//DOCS Chat & Agents

Route-visible chat economics, save-as-agent, and scheduled single-task agents.
Open App

Chat & Agents

Punk's interactive surface has two parts:

  • Chat: a conversation UI where every assistant reply is a real gateway run. Each reply carries its route badge and exact cost, so you watch conversations get cheaper as the runtime learns.
  • Agents: scheduled single-task runners built on the workflow engine. An agent is instructions + a prompt template + a model + an optional cron schedule, with no graph editing required.

Both are tenant-scoped and use the same auth as the rest of the API (session cookie or bearer key).

Chat

How a turn works

POST /api/v1/conversations/:id/messages builds the full message history (the conversation's system prompt, every prior turn, then the new message) and routes it through the same runtime path as any gateway request: governance, exact cache, promoted artifacts, learned substitutions, then the live provider. Whatever path served the reply, the stored assistant message records:

FieldMeaning
runIdThe gateway run behind the reply (full trace at /api/v1/runs/:id).
routelive, exact_cache, artifact, model_substitution, …
costUsdWhat the reply actually cost.
savedUsdWhat it avoided versus the live path.

This is the point: ask the same question twice (even in a fresh thread with the same system prompt and model) and the second answer comes back as an exact_cache hit at $0 with the savings on the reply. Chat turns run at temperature 0 under app id chat, so they cache, fingerprint, and feed the learning loop like all other traffic.

Failed or policy-blocked turns store nothing; the gateway's error (including punk_* codes) is returned as-is.

Endpoints

MethodPathNotes
GET/api/v1/conversationsTenant's conversations, most recently active first.
POST/api/v1/conversations{ title?, model?, system? }, where model defaults to gpt-4o.
GET/api/v1/conversations/:idConversation plus its messages in order.
DELETE/api/v1/conversations/:idRemoves the thread and all messages.
POST/api/v1/conversations/:id/messages{ content }{ conversation, userMessage, assistantMessage }.

Conversations auto-title from the first user message (first 6 words).

Dashboard

#/chat shows the conversation list beside the thread. User turns render on the right; assistant turns on the left with the route badge, cost, savings, and a link to the underlying run. The composer sets the model and an optional collapsible system prompt when starting a thread; an existing thread pins both. Enter sends; shift+Enter inserts a newline.

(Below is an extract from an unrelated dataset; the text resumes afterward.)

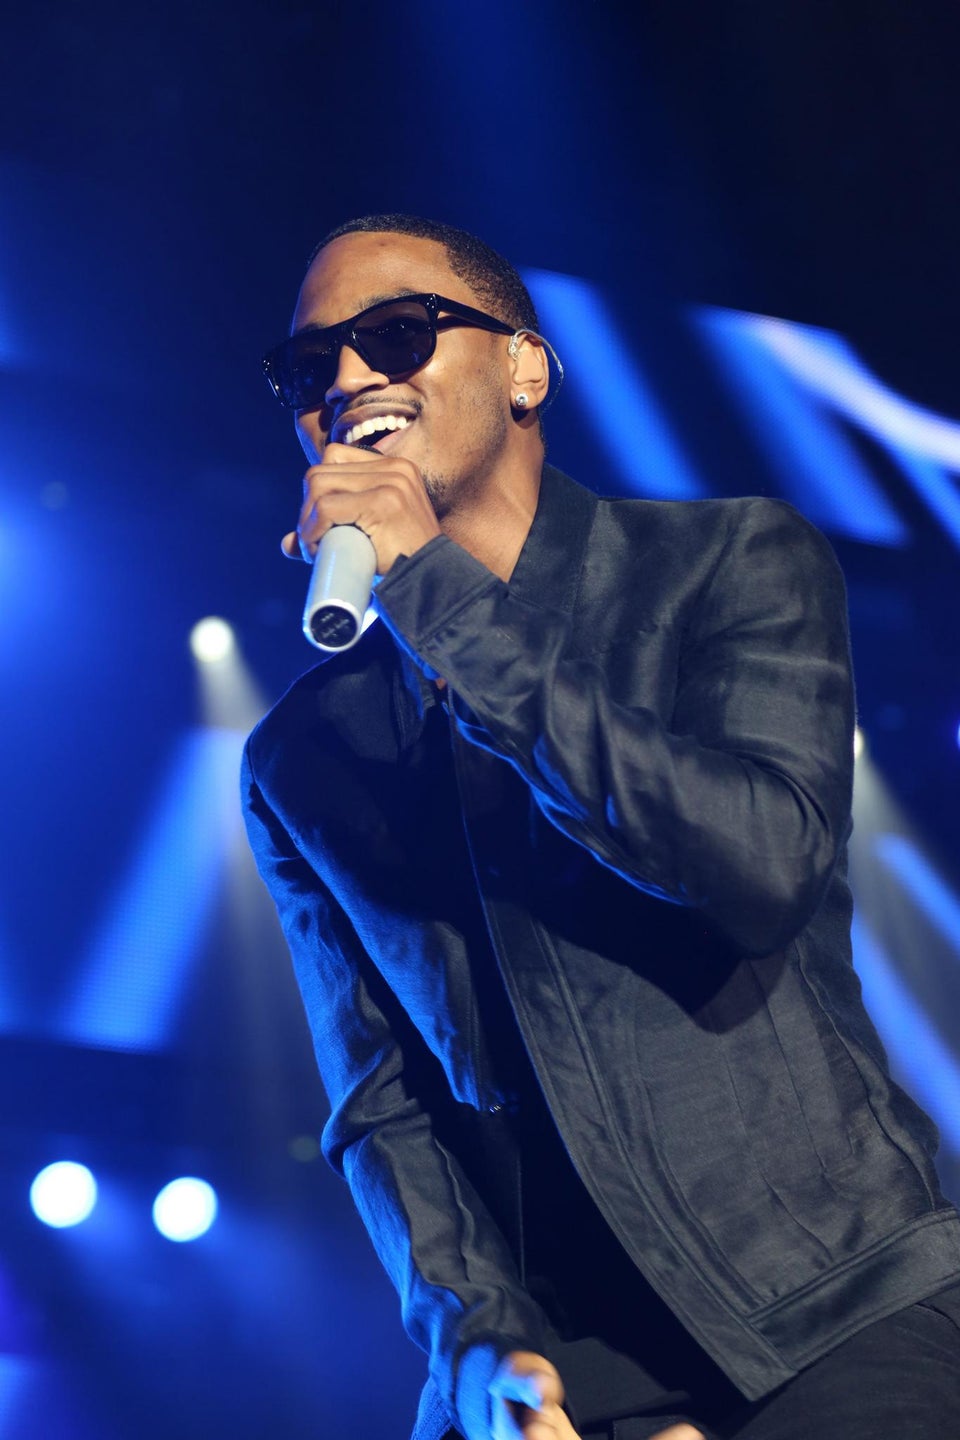 Whoa! Trey Songz Arrested After Concert Outburst, Charged With Assaulting Cop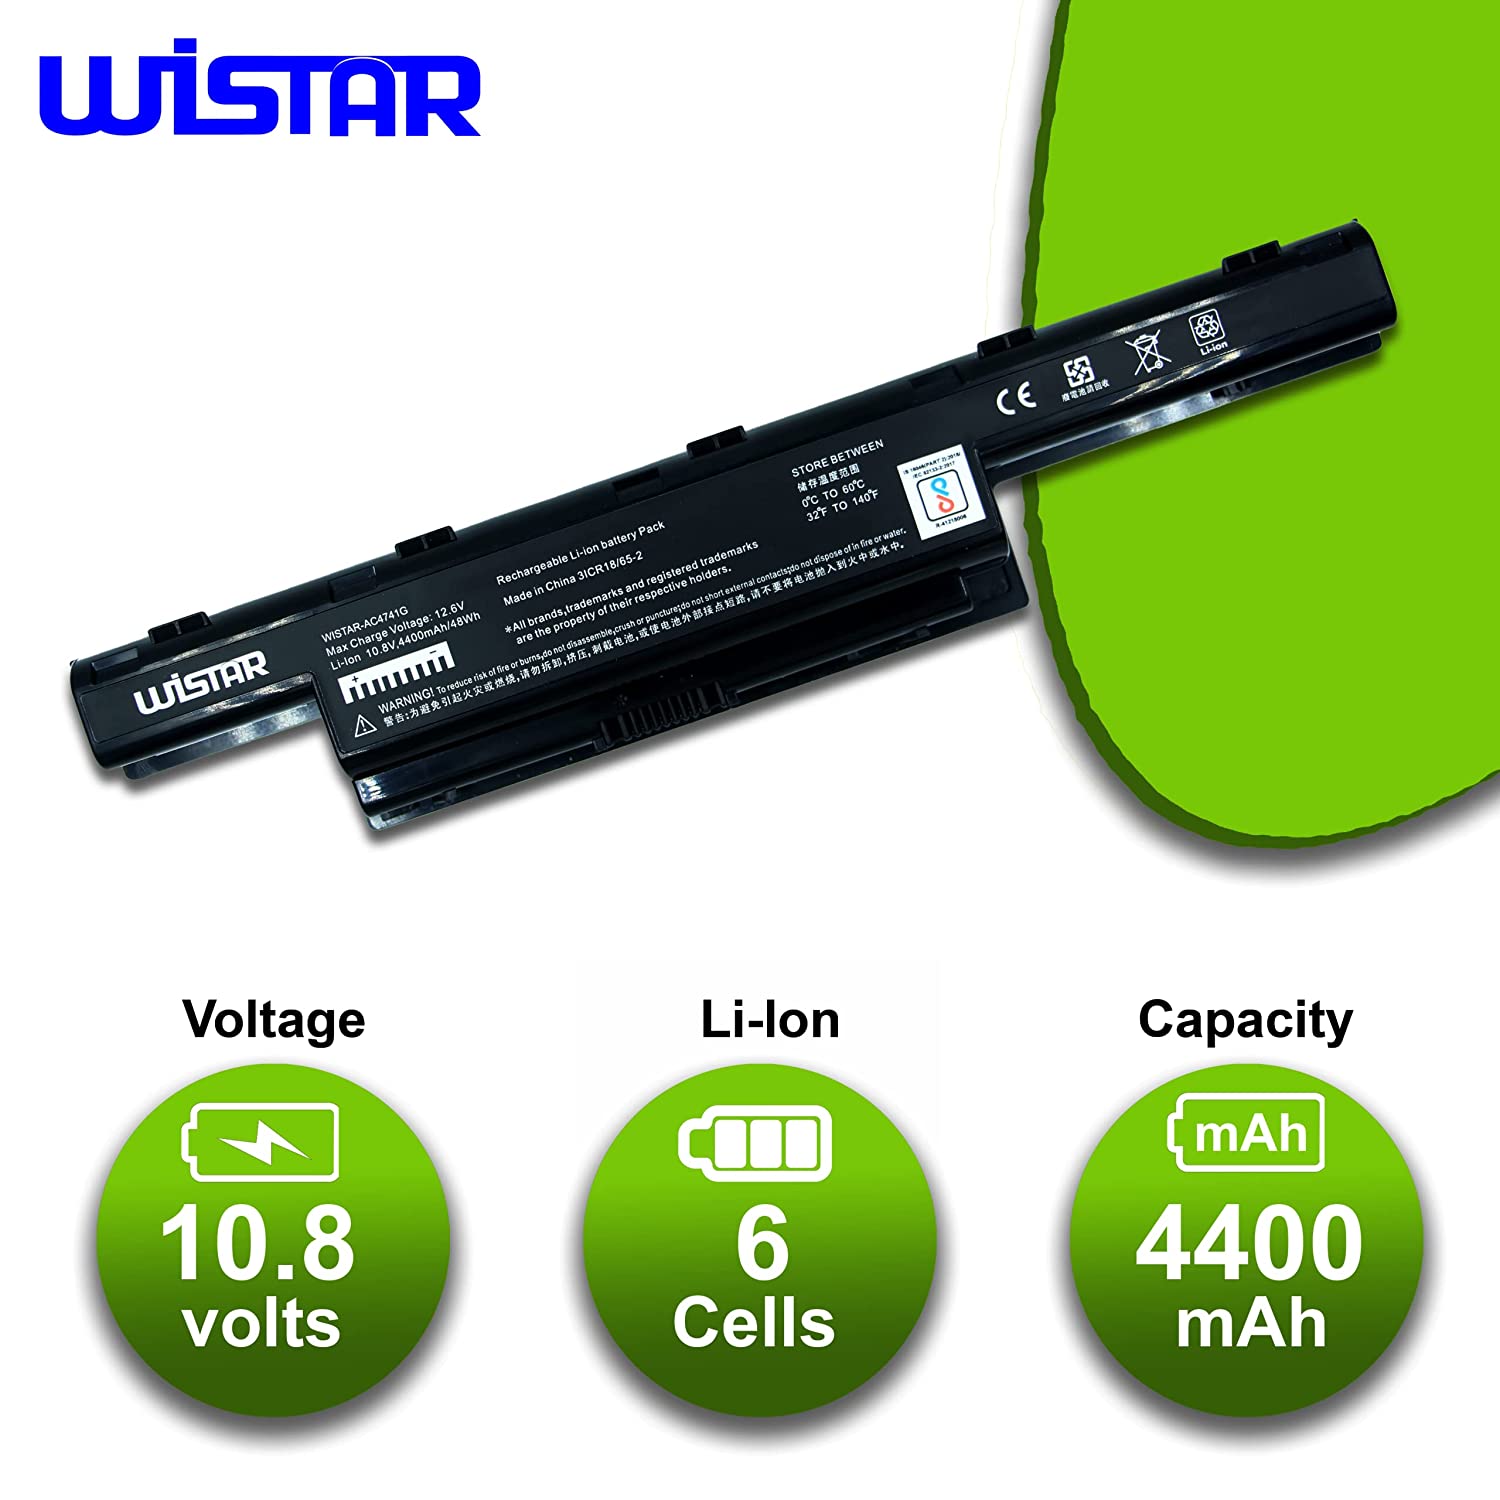 WISTAR AS10D31 AS10D51 Laptop Battery for ACER Aspire 4253 4750 4551 4552 4738 4741 4771 5251 5253 5542 5551 5552 5560 5733 5741 5742 5750 7551 7552 7560 7741 7750 AS5741 Series

SAVE AS AGENT turns a conversation's setup into an agent: the system prompt becomes the agent's instructions, the last user message becomes its prompt template, and the model carries over, prefilled into the agent form for you to schedule.

Agents

An agent is the simplest useful automation: one governed LLM task, runnable on demand or on a cron schedule. Under the hood it is a workflow row with kind: "agent" and a fixed three-node graph (start → llm → output), where the llm node holds the agent's instructions (system), prompt template, and model and saves its answer. That means agents inherit the entire workflow machinery for free:

  • runs execute through the deterministic interpreter, with node timelines on the trace ledger (/api/v1/workflow-runs/:id);
  • the LLM step is a real gateway run (governed, cached, learnable), so repeated agent runs become patterns and, with evidence, deterministic artifacts;
  • cost and savings roll up per run, and the shared savings endpoint (/api/v1/workflows/:id/savings) works unchanged;
  • cron schedules fire through the existing minute-cadence schedule sweep, and deleting an agent unschedules it atomically.

The kind column only partitions the views: agents never appear in the workflow editor's list (GET /api/v1/workflows?kind=workflow), and plain workflows never appear as agents.

Endpoints

MethodPathNotes
GET/api/v1/agentsTenant's agents (name, instructions, prompt, model, cron, enabled).
POST/api/v1/agentsAdmin. { name, instructions, prompt, model?, scheduleCron?, description?, enabled? }.
GET/api/v1/agents/:idOne agent.
PATCH/api/v1/agents/:idAdmin. Partial update; the graph is rebuilt and the version bumps.
DELETE/api/v1/agents/:idAdmin. Also removes its schedule.
POST/api/v1/agents/:id/runAdmin. { input? } → synchronous completed run.

Prompt templates interpolate run input with {{input.field}} (e.g. Triage this ticket: {{input.ticket}}). scheduleCron is a 5-field UTC cron expression.

Dashboard

#/agents lists agents with model, cron badge, enabled toggle, last run, and total savings. The create/edit form is four fields plus a schedule, deliberately not the graph editor. RUN NOW executes synchronously and shows the output, cost/savings, and a link to the run's node timeline.

Economics in one sentence

Chat and agents are both front-ends to the same runtime loop: traffic is observed, repeated shapes become patterns, proven patterns route through caches and artifacts, and the route badge on every reply shows you exactly when that happened and what it saved.